In contrast-enhanced images, all the plaques appear dark and hypoechoic (because of tissue signal suppression), and the adventitia still appears as a bright echogenic line. Moving bright spots within the plaque or on its adventitial side were considered to represent the contrast agent's bubble signal coming from plaque neovascularization. On the contrary, fixed echogenic spots were considered to be strong tissue acoustic reflectors. For each plaque contrast-agent enhancement (neovascularization) was categorized as follows: grade 1: no bubbles within the plaque or bubbles confined to plaque adventitial side and/or shoulder; grade 2: bubbles reaching plaque core and/or extensive contrast-agent enhancement throughout the plaque. This scale reflects the fact that plaque neovascularization should derive mainly from the adventitial vasa vasorum network and, therefore, progressively grow from the external layers toward the plaque core. In case of disagreement between readers, a consensus was reached.

Histologic sampling and immunohistochemical studies.   Carotid endarterectomy was performed in each patient with the eversion technique that consists in transecting the internal carotid artery (ICA) at its origin at the carotid bulb, turning inside out (i.e., everting) the ICA over the plaque, and removing the latter en bloc with no longitudinal transection. After fixation in 10% buffered formalin and decalcification, if necessary, the specimens were sliced transversely every 5 mm after, then embedded in paraffin and stained with Movat's pentachrome stains. For each plaque, 3 to 5 sections were examined according to the extension of the plaque itself.

For each histologic sample, the cross-sectional image was acquired by a CCD Nikon digital camera DS-Qil (Nikon Instruments Inc., Melville, New York) connected to P4 IBM computer S50 (IBM, Armonk, New York). For each segment, the following histologic variables were evaluated: 1) lumen area (L); 2) internal elastic lamina (IEL) area; and 3) cross-sectional plaque area calculated as [IEL – L]. Histologic areas were calculated using the program Scion Image (Scion Corporation, Frederick, Maryland) manually tracing the perimeter of the different vessel components.

The immunohistochemical study was performed on serial 5-µm thick sections cut from paraffin blocks in order to characterize and quantitate the vascularization present within the plaque using a double staining with CD31 (1:100 dilution, purchased from Dako, Glostrup, Denmark) and CD34 (1:4,000 dilution, Dako) antibodies cocktail with an overnight incubation at 4°C, with diaminobenzidine as the final chromogen.
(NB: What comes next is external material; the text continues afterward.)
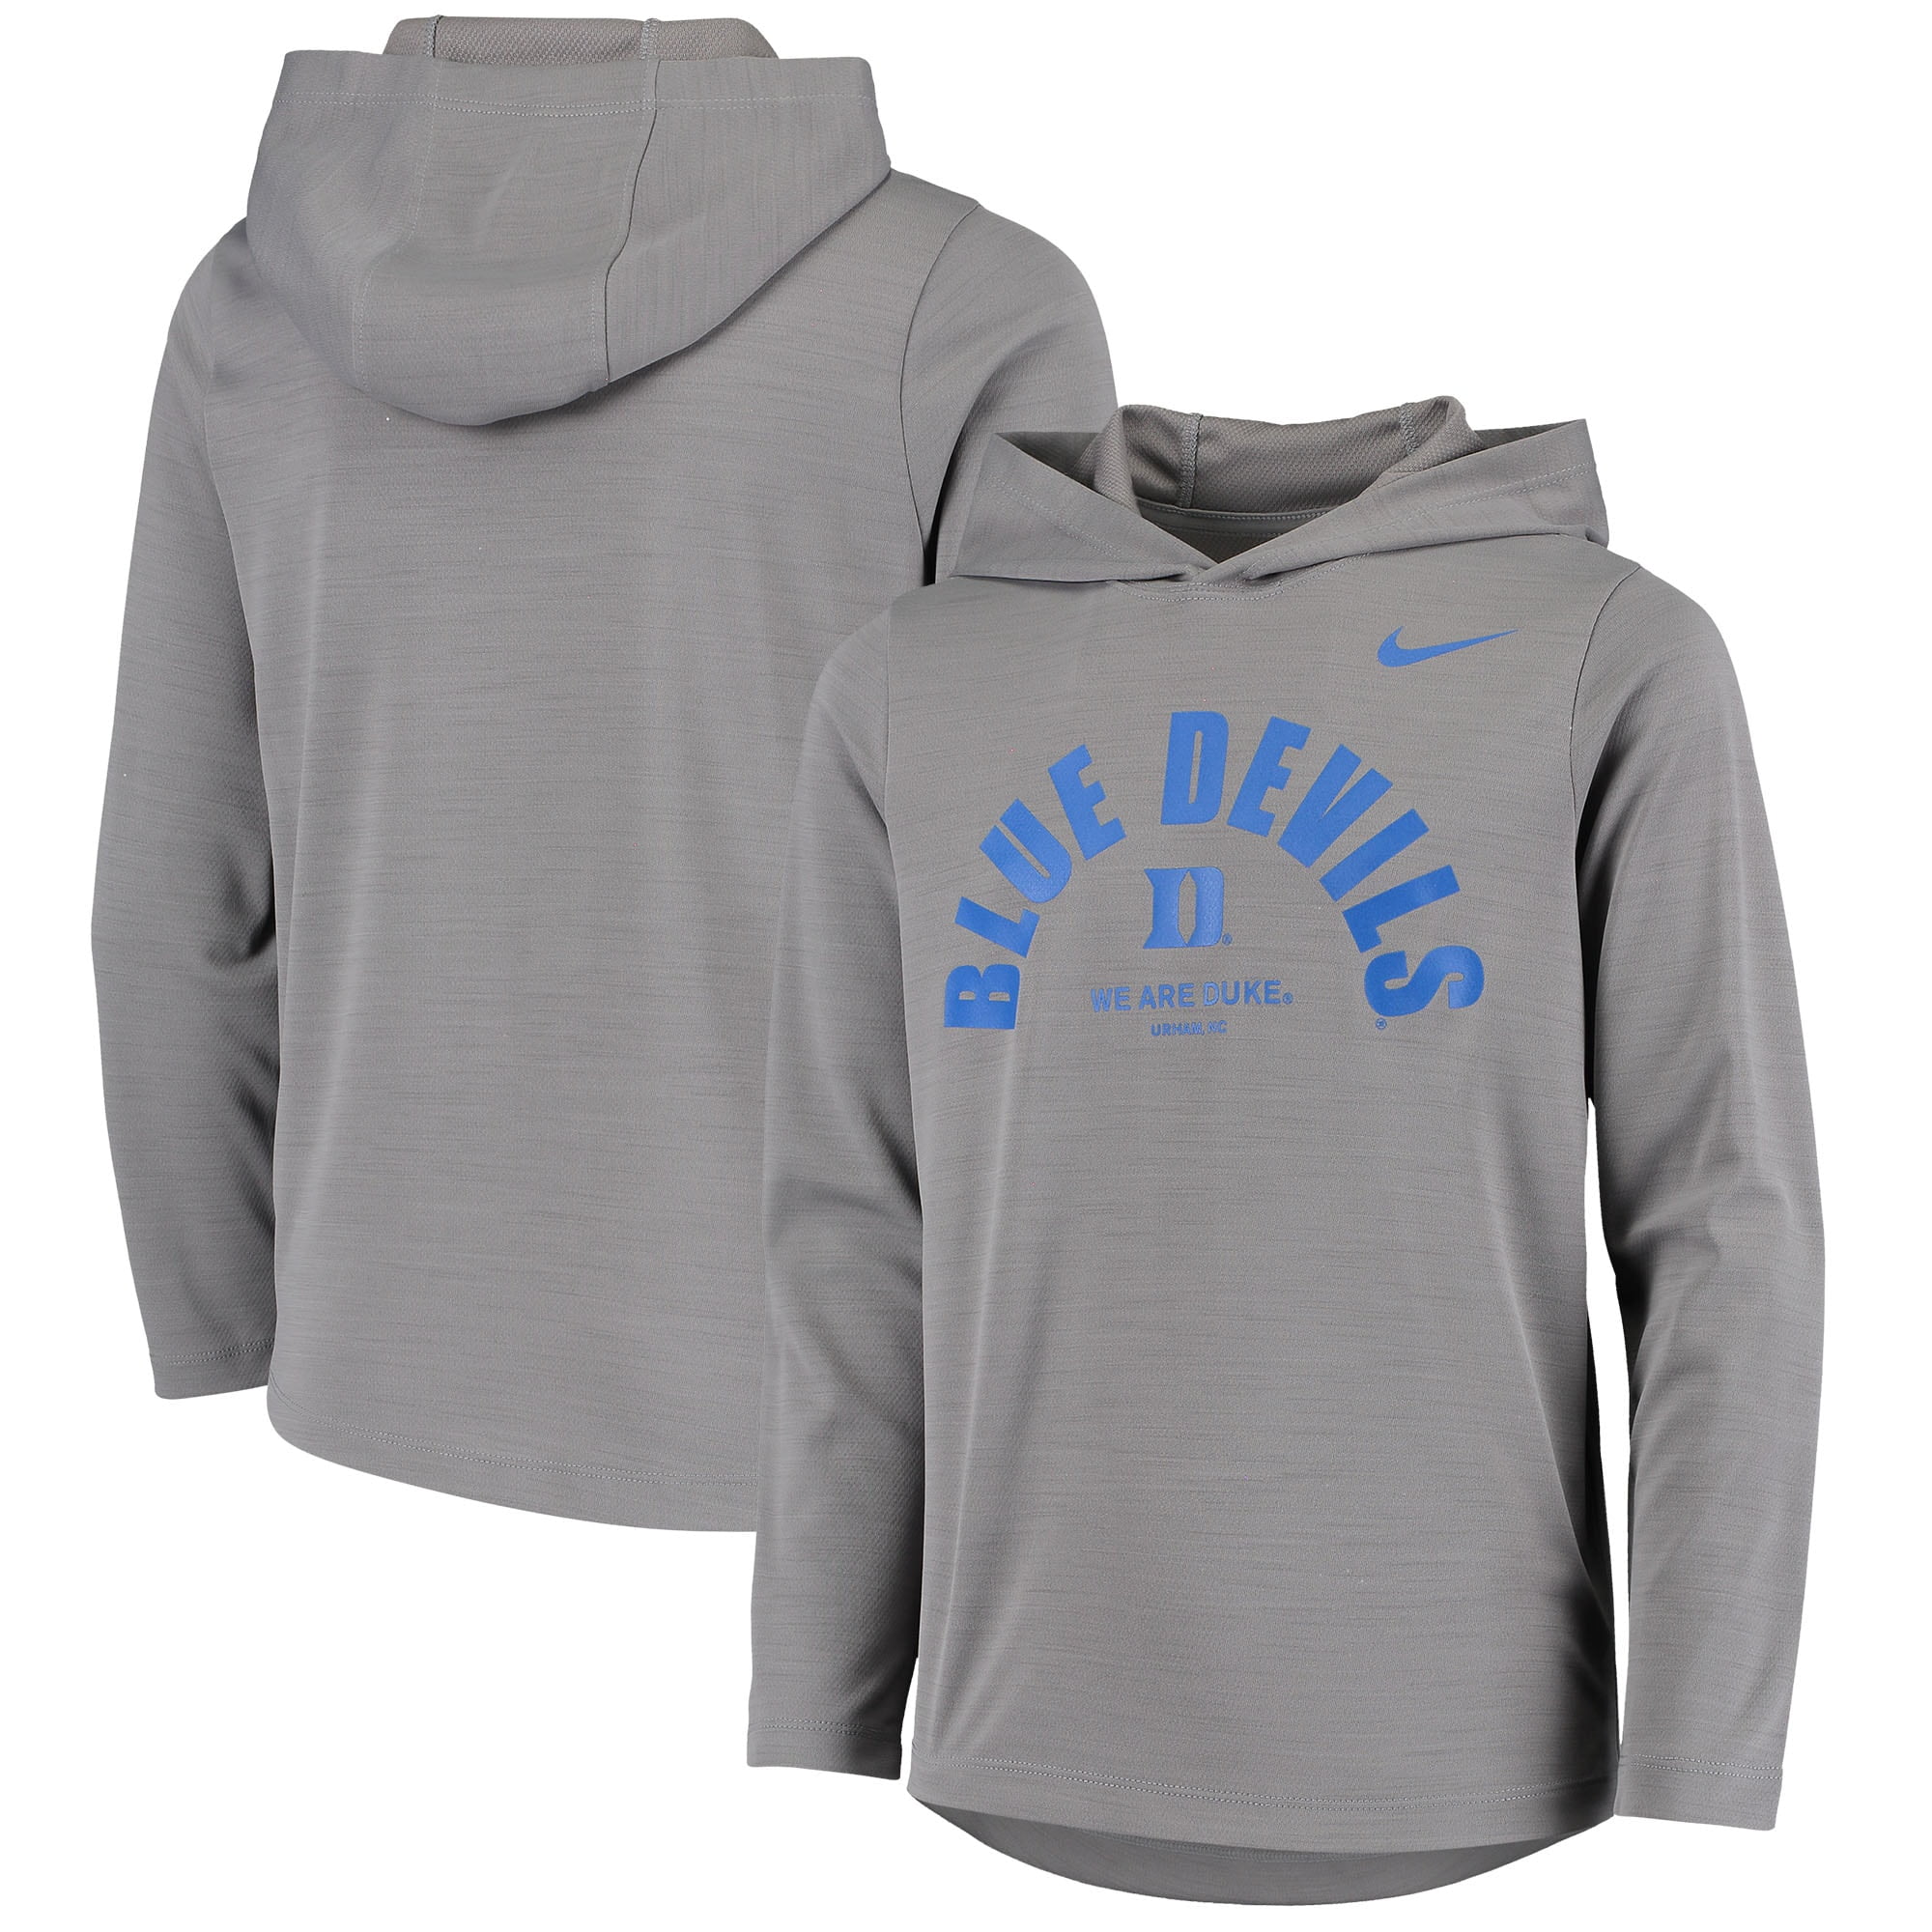 Duke Blue Devils Nike Youth Long Sleeve

First-order vasa vasorum (running longitudinally along the entire length of the carotid artery) and second-order vasa vasorum (running transversely around the vessel wall of the artery) were identified on the histologic specimen. The number of first- and second-order vasa vasorum were counted at a magnification of 20x and related to the cross-sectional plaque area based on the method previously described (18). Two pathologists (A.M., G.S.) who were blinded to the clinical findings graded all histocytological components of the plaques. Intraobserver agreement was 95%. For the entire vessel circumference, either an average of 20 fields per section were counted or a number of microscopic fields until the standard error of the mean was <5% (19). The total number of vasa vasorum per square millimeter was used for correlation with imaging data.

Statistical analysis.   Continuous data are presented as mean ± standard deviation or as median with minimum (min) and maximum (max) if more appropriate (non-normal distribution). Comparison of microvessel densities between groups was done with the Mann-Whitney U test. The degree of stenosis was categorized as <50%, 50% to 69%, 70%, and chi-square analysis was used. The association between plaque echogenicity and contrast-agent enhancement was evaluated by chi-square analysis. The Fisher exact test was used when appropriate. Statistical analysis was performed with SPSS 11.0 software (SPSS Inc., Chicago, Illinois).

Multivariate logistic regression analysis was also performed in order to adjust for degree of stenosis. The correlation of the plaques within patient was taken into account using the generalized estimation equation method. This method was run with proc GENMOD of SAS version 8.2 (SAS Institute, Cary, North Carolina).

	Results

Top Abstract Methods Results Discussion Conclusions Appendix References

 
Standard carotid ultrasound imaging.   Clinical characteristics of the patient population are reported in Table 1. Among the 32 patients enrolled, 16 had 2 to 3 separate plaques, as a result of multiple bilateral and/or ipsilateral disease; therefore, a total of 52 plaques were studied in the whole group (Table 2). Plaques were evenly distributed among different echogenicity classes (I: 14%, class II: 21%, class III: 17%, class IV: 23%, class V: 25%). The majority of lesions determined a stenosis between 50% and 69%. Six patients had a recent (within 6 months) neurological event consistent with carotid artery distribution; 7 plaques were considered symptomatic because 1 patient had bilateral cerebrovascular events.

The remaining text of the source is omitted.